Governors in Arizona and New Jersey have joined the growing list of state officials beginning to roll back or pause their reopening plans as coronavirus cases continue to climb across the U.S.
More than 12 states have now stopped or curtailed their reopening plans as average new cases in the U.S. jumped 40% over the past week to about 39,750 per day on Monday, based on a seven-day moving average, according to a CNBC analysis of data compiled by Johns Hopkins University.
New cases rose Monday by 5% or more in 40 states across the U.S., based on a seven-day average, and declined by 5% or more in just three states: New Hampshire, New Jersey and Rhode Island, and in Washington, D.C.
Arizona, Florida and California are now seeing an average of more than 5,000 new cases a day.
The recent daily spikes in cases are outpacing the numbers seen in April when the coronavirus was thought to have peaked in the U.S. The virus is now spreading too rapidly and too broadly for the country to bring it under control, Dr. Anne Schuchat, principal deputy director of the Centers for Disease Control and Prevention, said Monday.
"We have way too much virus across the country for that right now, so it's very discouraging," she said in an interview with The Journal of the American Medical Association's Dr. Howard Bauchner.
On Monday, more states rolled back or paused their reopening plans as coronavirus cases continue to spread in states across the West and South.
Arizona Gov. Doug Ducey shuttered the state's bars, gyms, movie theaters and water parks after reopening most businesses in May. He said the state will try to restart the businesses in 30 days. The drop in cases reported on Monday was likely due to a reporting issue from the state's lab partners, Arizona's Department of Health tweeted.
The state has since reported a surge in its positivity rate, or the percentage of total tests that are positive, from a low of 4.9% in May to 20.1% in June, he said at a news briefing. Epidemiologists say this number can indicate how broadly the virus is spreading throughout a community.
"We can't be under any illusion that this virus is going to go away on its own. Our expectation is that next week out numbers will be worse. It will take several weeks for the mitigation that we have put in place and are putting in place to take effect," Ducey said.

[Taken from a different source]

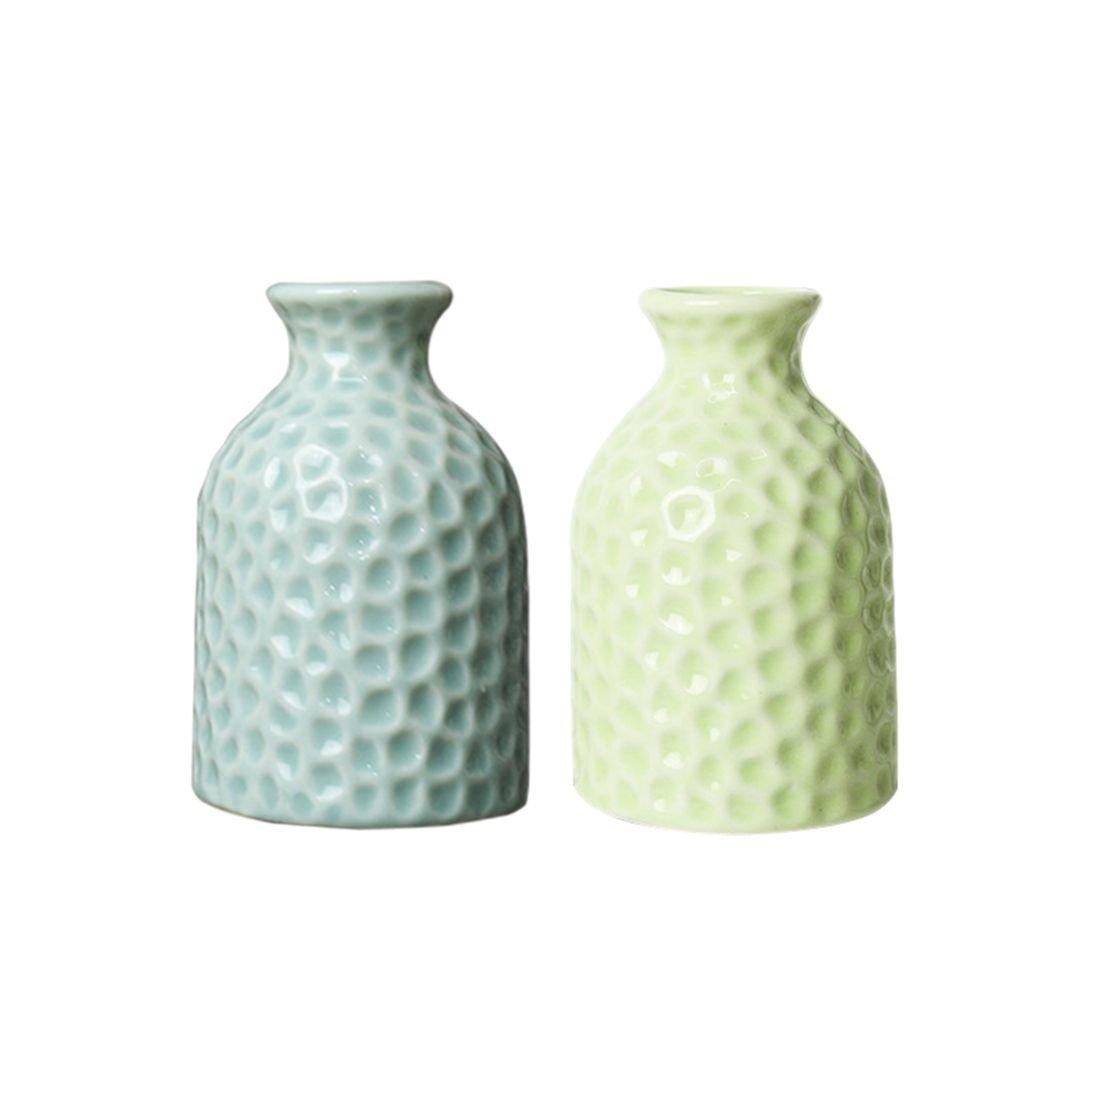 SODIAL 2unids Azul Verde Agua Cubo Ceramica florero Creativo casa Oficina Decoracion Escritorio Flores Simple artesania Ceramica aromaterapia Botella: ...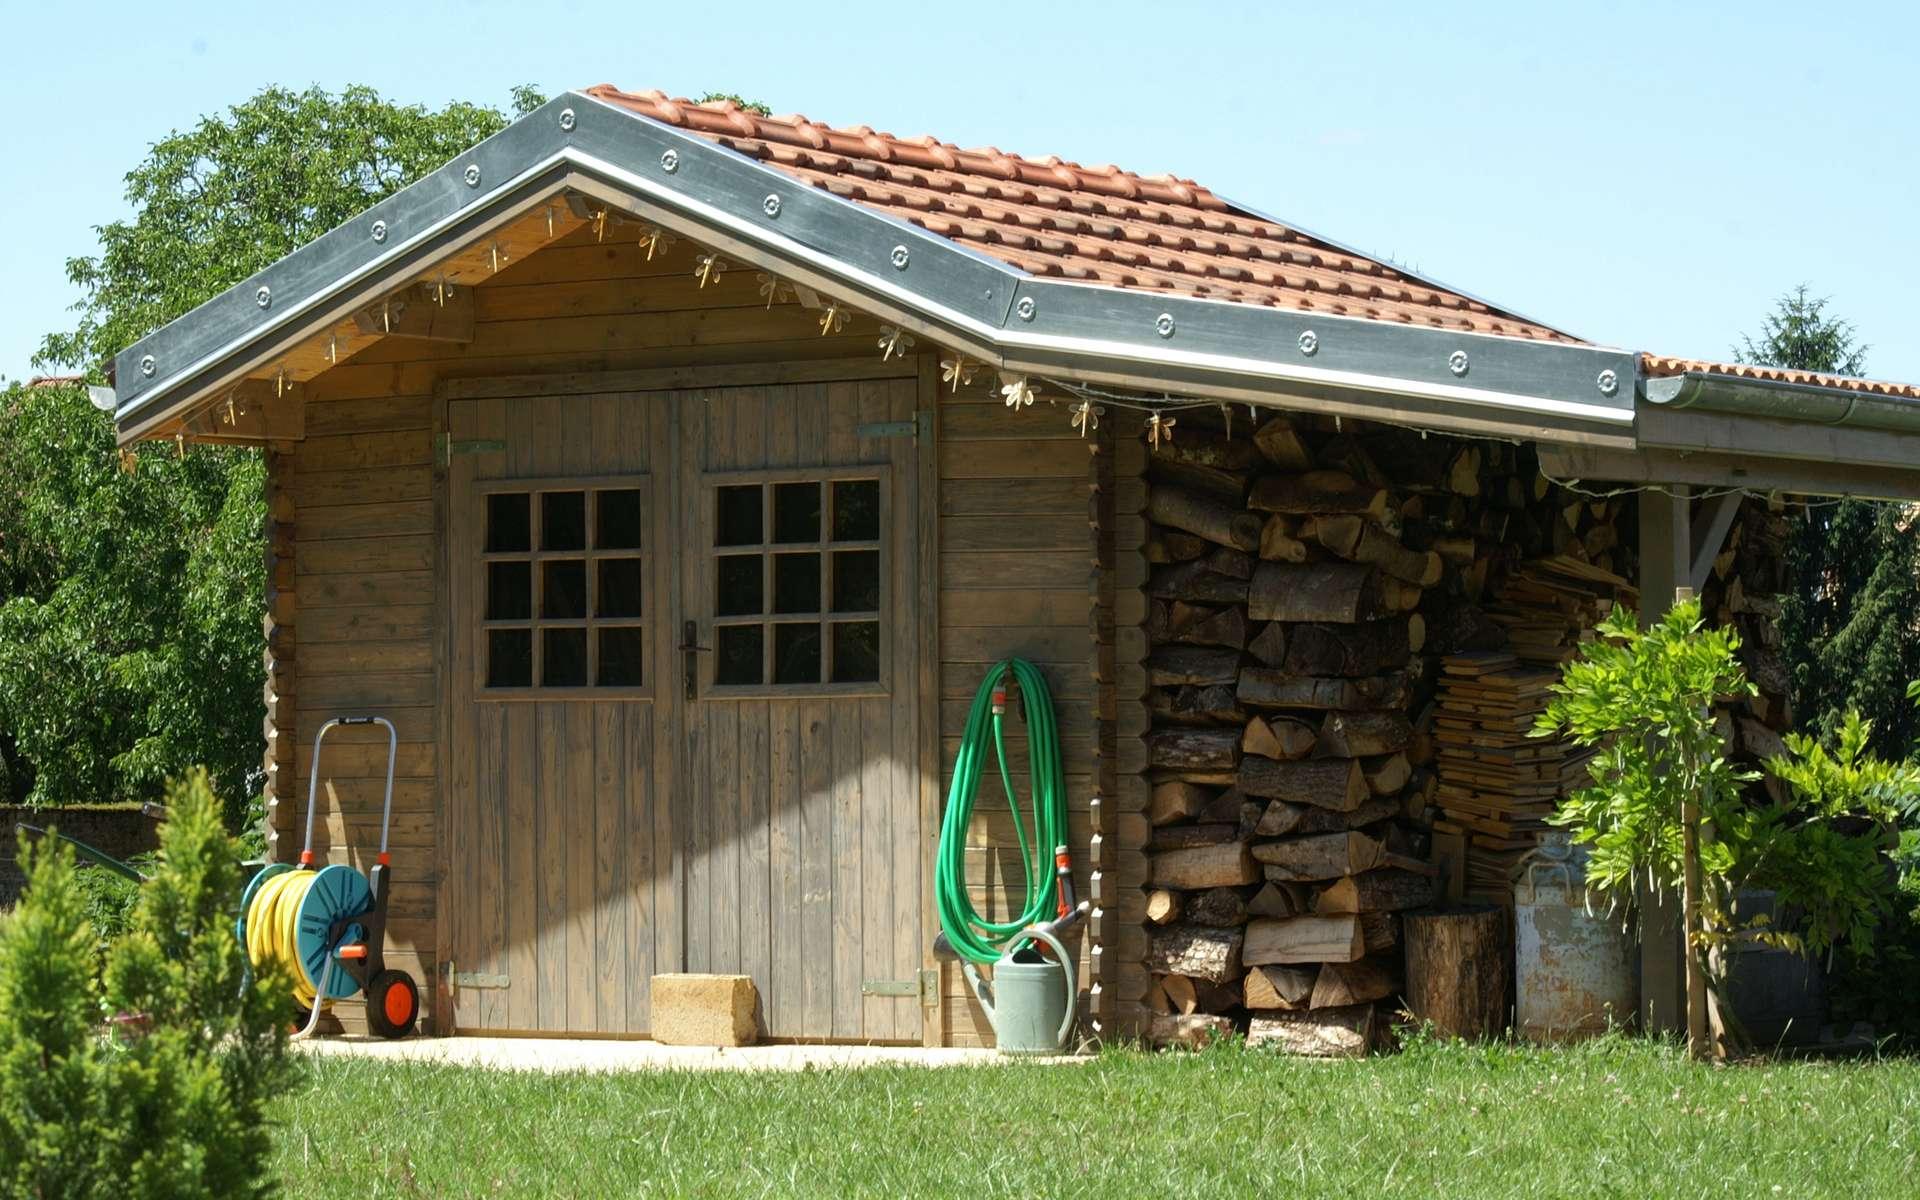 La garantie décennale couvre tout type de construction. © Sarmat, Adobe Stock

California Gov. Gavin Newsom said Monday that the state will add additional counties to its "watch list," indicating that they may have to reinstate harsher measures to slow the spread of Covid-19. The state, which is allowing some counties to move faster into reopening than others, is asking a handful of counties to reconsider closing bars and reverse reopenings.
"My phone is filled with images of people taking photos of some of the bars over the weekend and saying, 'How could this help with community spread? It's only going to make things worse, not better,'" Newsom said at a news briefing Monday.
New Jersey Gov. Phil Murphy said Monday that the state's restaurants won't be allowed to resume indoor dining on Thursday as originally planned due to a growing number of coronavirus cases in other states. Murphy said there's currently no plan to reopen indoor dining under the new plan.
The state is still moving ahead with other planned reopenings this Thursday, including casinos, outdoor amusement centers, indoor recreational facilities, museums and libraries. He added that some residents and establishments haven't been adhering to the state's guidelines on socials distancing and mask wearing, causing additional problems with reopening.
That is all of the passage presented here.